# Scanning medium format with Epson V600



## ulrichsd (Mar 22, 2013)

Hi everyone, hope I posted this in the correct forum since it is about scanning film.

I recently purchased an Epson V600 and have been trying it out with reversal B&W.  I've been testing it out at lower resolution (1200 dpi) to test the settings to see what works best.  

I was wondering if anyone had any tips regarding
1) Dust removal vs Digital ICE
2) Using Unsharp masking, grain reduction or backlight correction
3) If scanning B&W do you still output to 48 bit color or 8-bit greyscale?

I feel like I get some scans that seem ok (other than my shoddy darkroom practices leaving scratches on the negatives) and others that seem very pixelated (sample 2 below) a result of sharpness masking or using 8-bit greyscale maybe?)

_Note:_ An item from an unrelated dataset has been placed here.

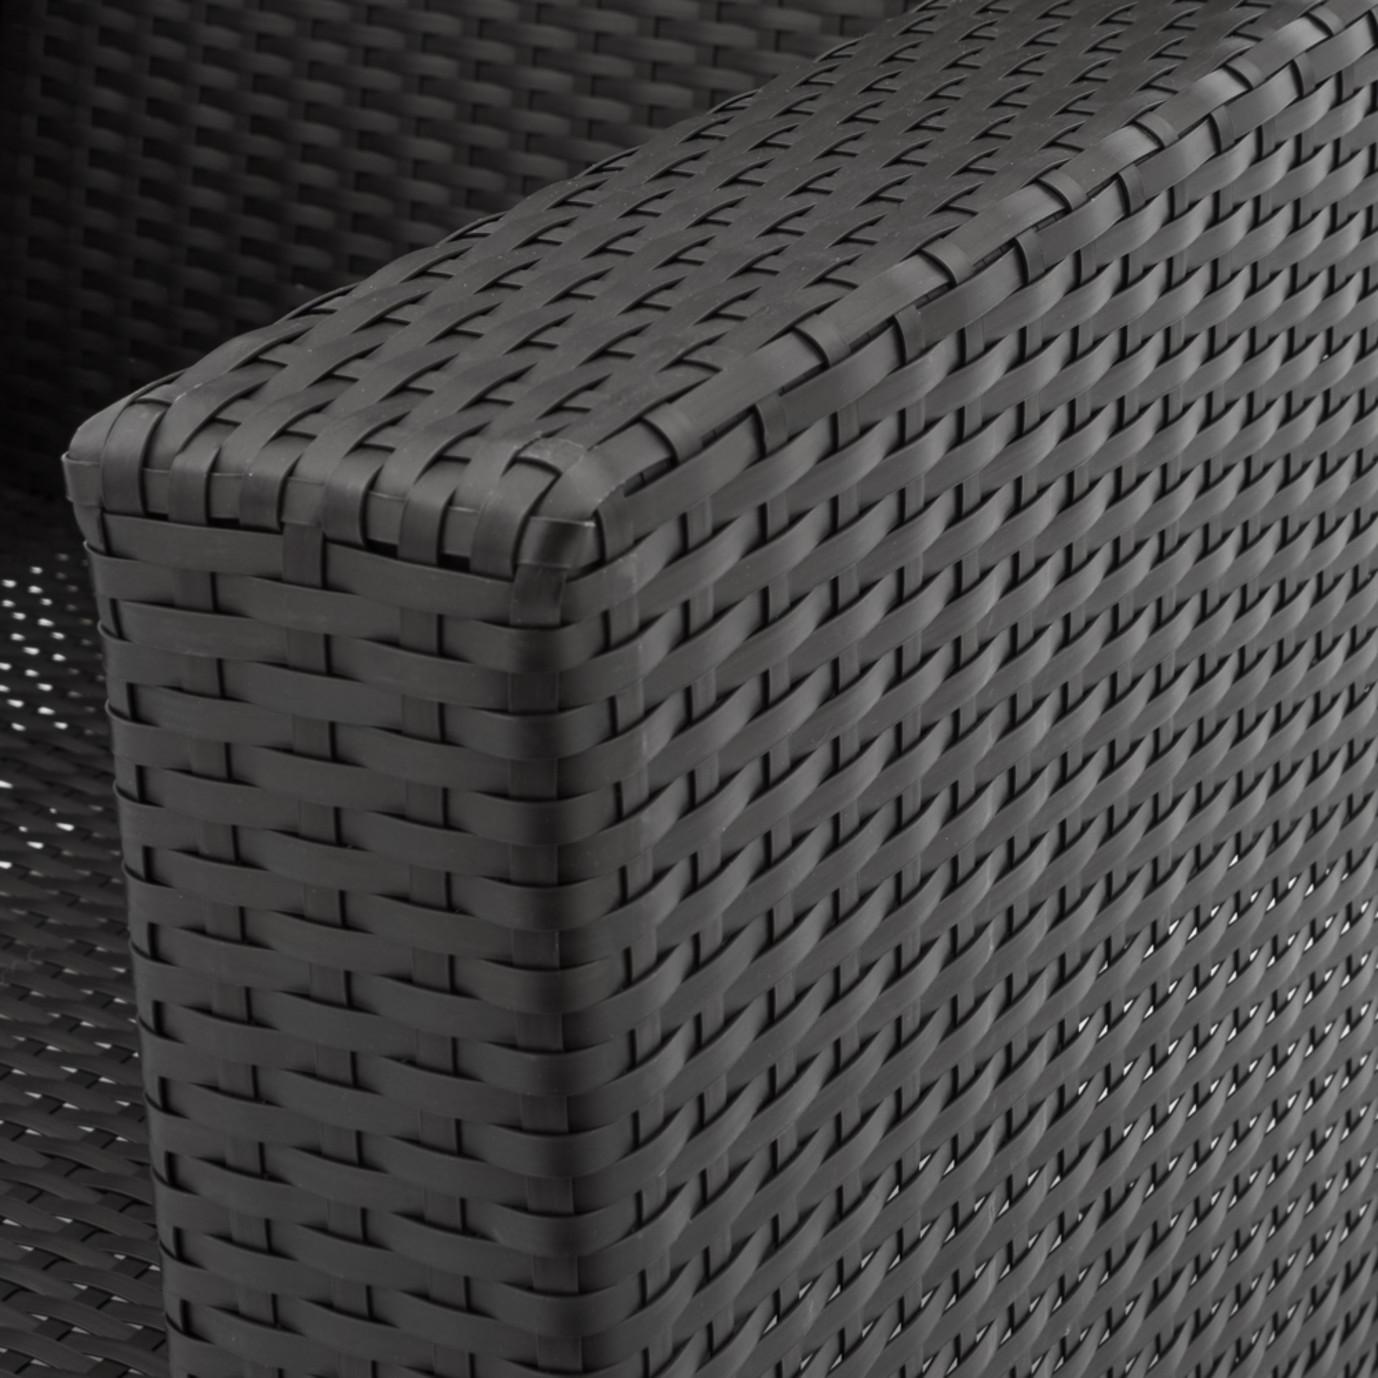 Milo™ Espresso 4pc Seating Set - Charcoal Gray
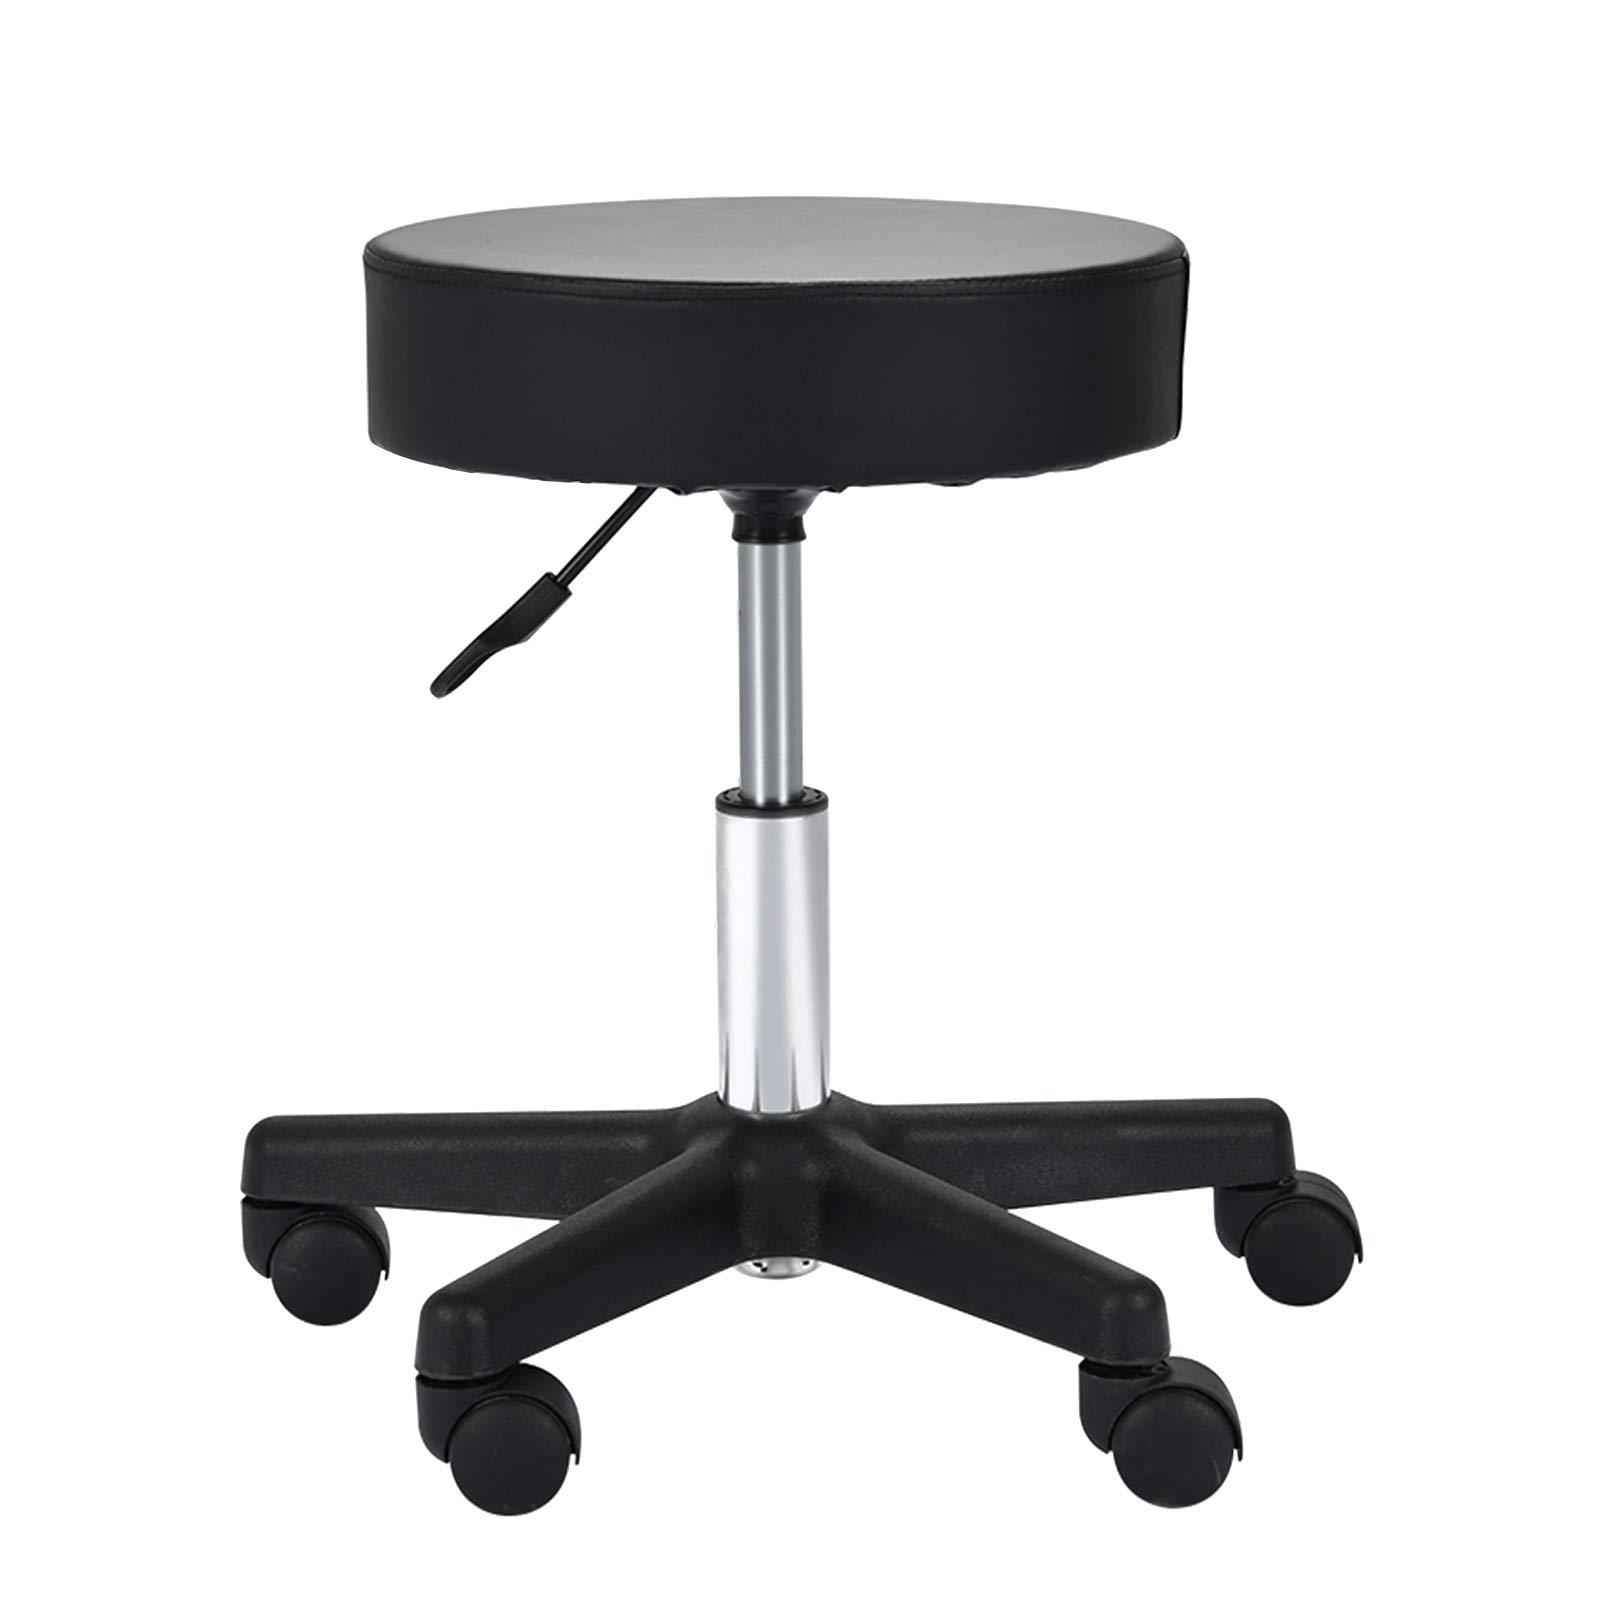 Uenjoy Adjustable Stool for Massage with Ultra-thick Sponge, PU Leather, Hydraulic Rolling Swivel, Massage Spa Tattoo Salon Chair, Black by Uenjoy

I'm still learning the differences between all these settings and I still need to read the manual, but if anyone would like to share their favorite settings or settings to avoid it would be much appreciated.

Thanks!
Scott


----------



## usayit (Mar 22, 2013)

For B&W negative, turn off digital ICE.


----------



## djacobox372 (Mar 23, 2013)

Don't sharpen with the scan settings, you can always sharpen later--frankly you shouldn't do anything while scanning that can be done later--you want your original scan to be as unmolested as possible.  Also adjust your levels to ensure that you aren't clipping any black/white data, the epson scan software likes to default to a high-contrast setting that clips your blacks and whites. The goal of the scan is to get a good digital negative, not to create your final print. 

Dust prevention is best done with a clean environment, an anti-static brush, and blower (hand or compressor, not canned).  Whatever sneaks through is easy to cleanup digitally. Avoid any anti-dust options the scanner has, they'll rob you of detail.


----------



## gsgary (Mar 23, 2013)

usayit said:


> For B&W negative, turn off digital ICE.



+ 1 turn everything off


----------



## hfb (Mar 24, 2013)

I have a 700. I use the Home and pro modes. With 2400 DPI.


----------



## ulrichsd (Apr 7, 2013)

gsgary said:


> + 1 turn everything off



Thanks everyone for the replies! Turned all extra features off and getting much better results.  Clean up any spots in ps elements. 

Thanks!!


----------



## hfb (Apr 8, 2013)

I have a 700. I use home and pro modes at 2400. I tried 4800 and got way to big a file. I am shooting TriX 400 in a Mamiya 645 1000


----------